Node Types: There are three types of nodes in an EMR cluster:
- Master Node: The central component that manages the cluster. It runs software components like YARN ResourceManager and HDFS NameNode to coordinate the distribution of data and tasks among other nodes. Every cluster has one master node.
- Core Node: Runs tasks and stores data in the Hadoop Distributed File System (HDFS) on your cluster. Core nodes are required and a cluster must have at least one.
- Task Node: Only runs tasks and does not store data in HDFS. Task nodes are optional and are a cost-effective way to add computational power to a cluster for parallel tasks like Spark jobs.
EMRFS (EMR File System): An implementation of HDFS that allows EMR clusters to store and access data directly in Amazon S3. This enables you to decouple your storage and compute, allowing you to shut down a cluster to save costs while keeping your data persisted in S3.

Key Features

Easy to Use: EMR simplifies the complexities of setting up, configuring, and managing big data frameworks. You can launch a cluster in minutes.
Elastic: You can easily resize your cluster to add or remove capacity. You can add more instances for peak workloads and remove them when they're no longer needed, paying only for what you use.
Low Cost: EMR pricing is per-second, with a one-minute minimum. You can significantly reduce costs by using Amazon EC2 Spot Instances for task nodes.
Flexible: You have complete control over your cluster.

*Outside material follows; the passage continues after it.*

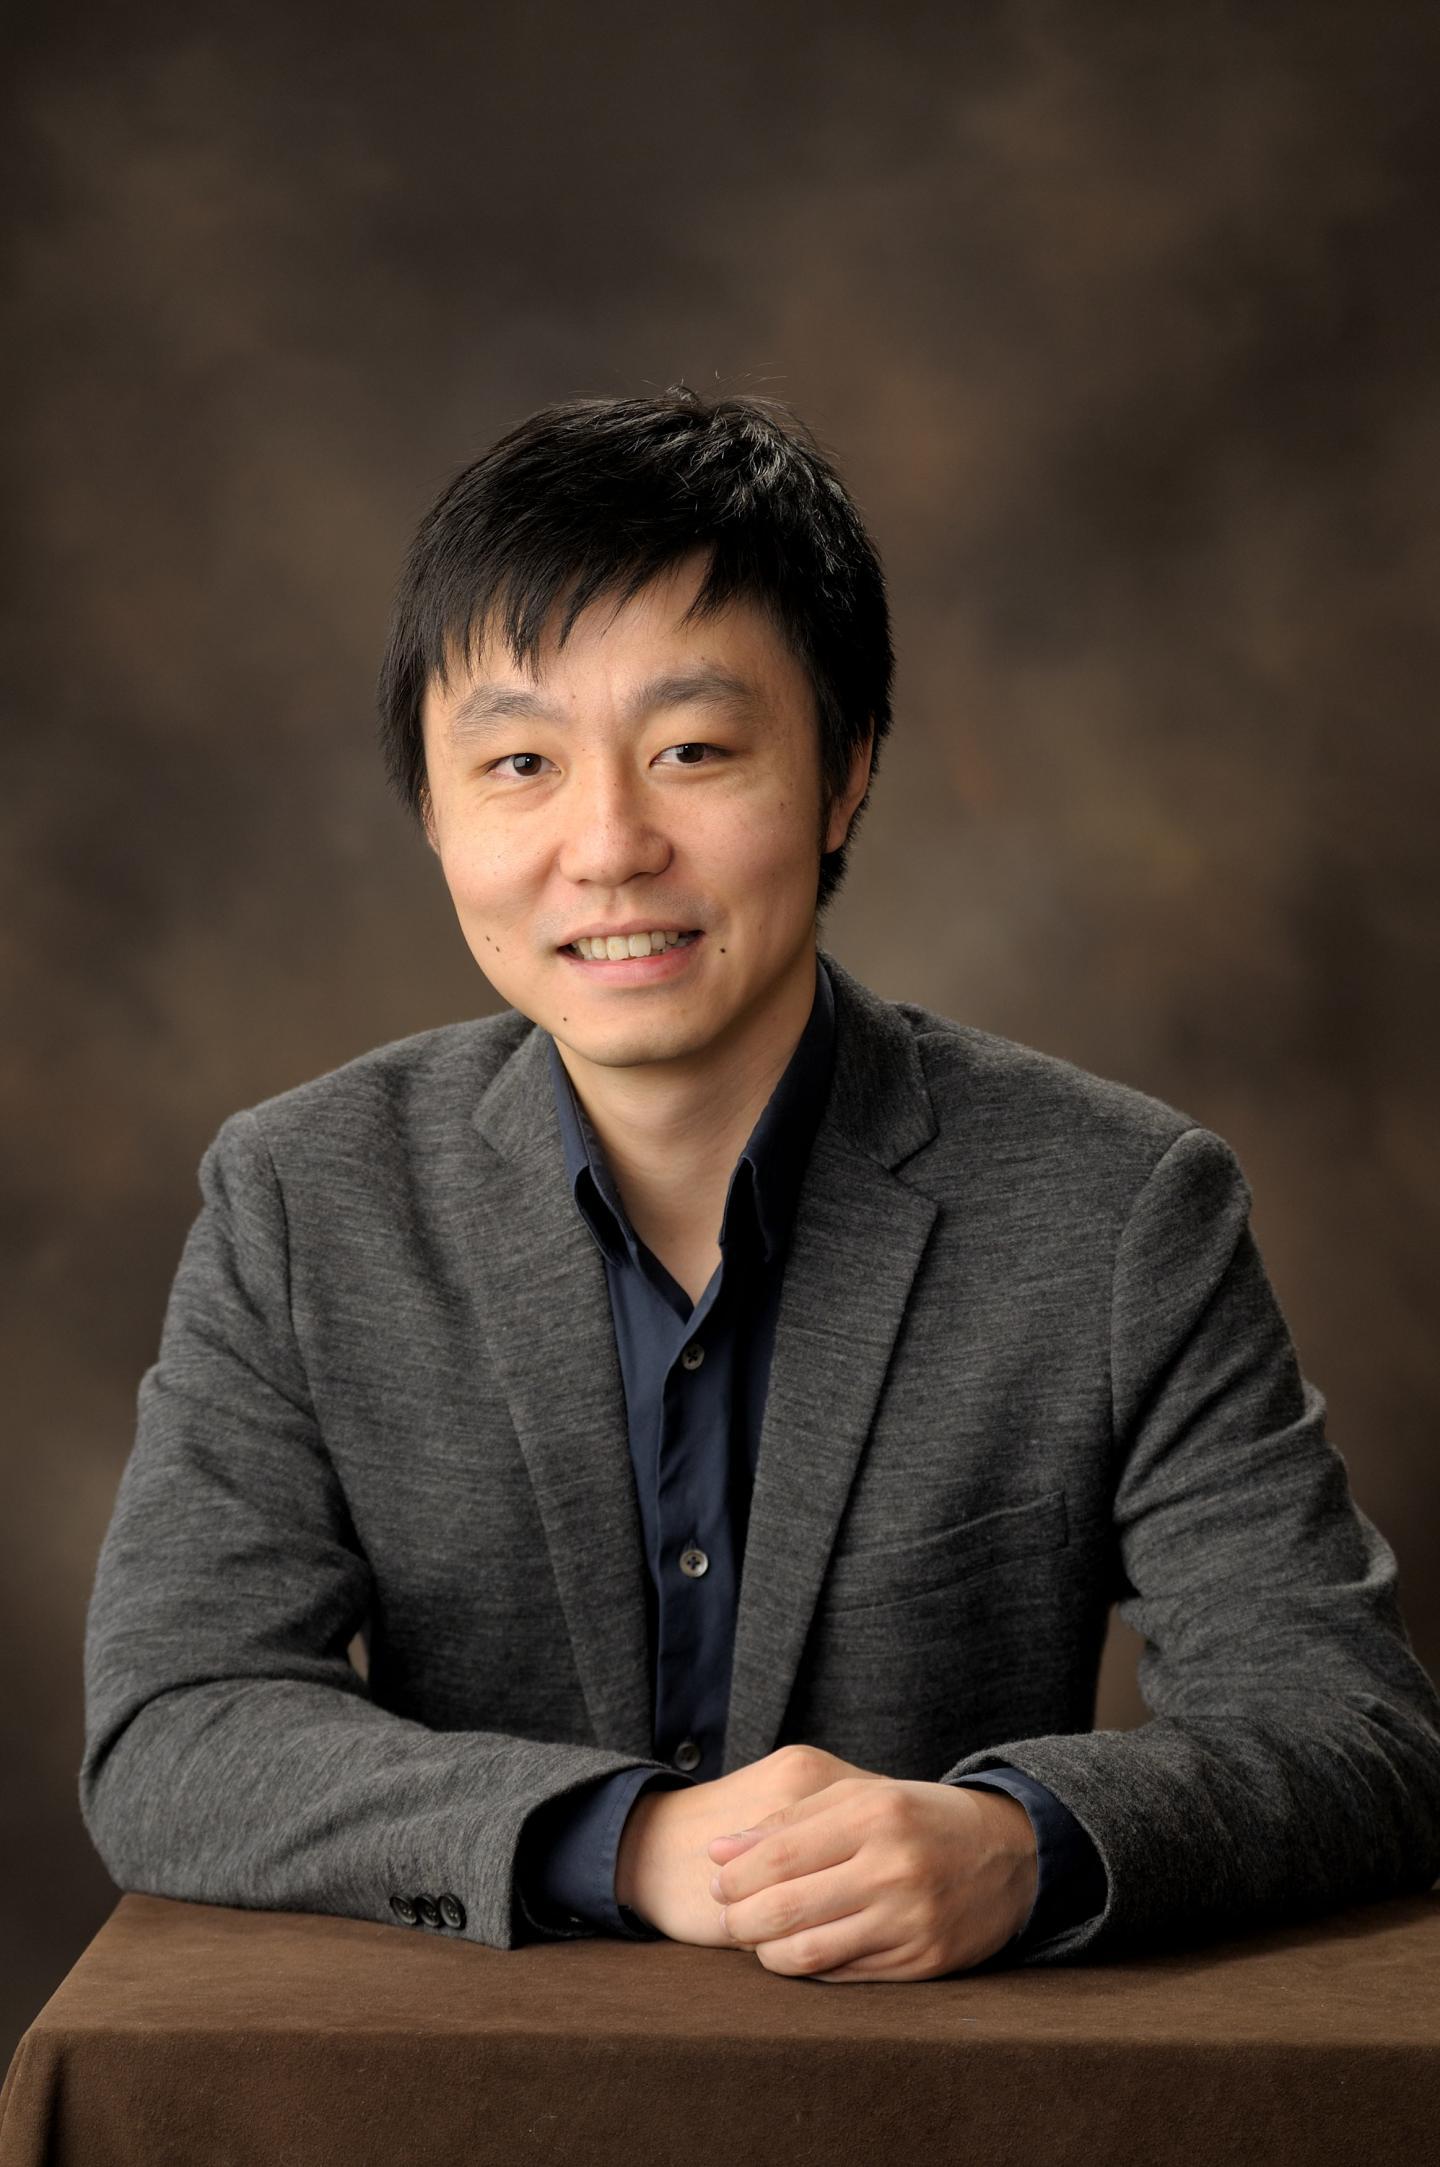 Lei Zhao, University of Illinois

You get root access to every instance and can customize it with a wide range of applications like Spark, Hive, Presto, Flink, and Hudi.
Reliable: EMR monitors your cluster, retrying failed tasks and automatically replacing poorly performing instances.
Secure: EMR integrates with AWS security services like IAM and VPC, and offers features like Kerberos for authentication and encryption at rest and in transit.

How It Works: EMR Architecture

Storage Layer:
- HDFS: The Hadoop Distributed File System runs on the core nodes, providing ephemeral, distributed storage. Data in HDFS is lost when the cluster is terminated.
- EMRFS: Allows you to use Amazon S3 as a durable, persistent storage layer for your data. This is the recommended approach for most use cases.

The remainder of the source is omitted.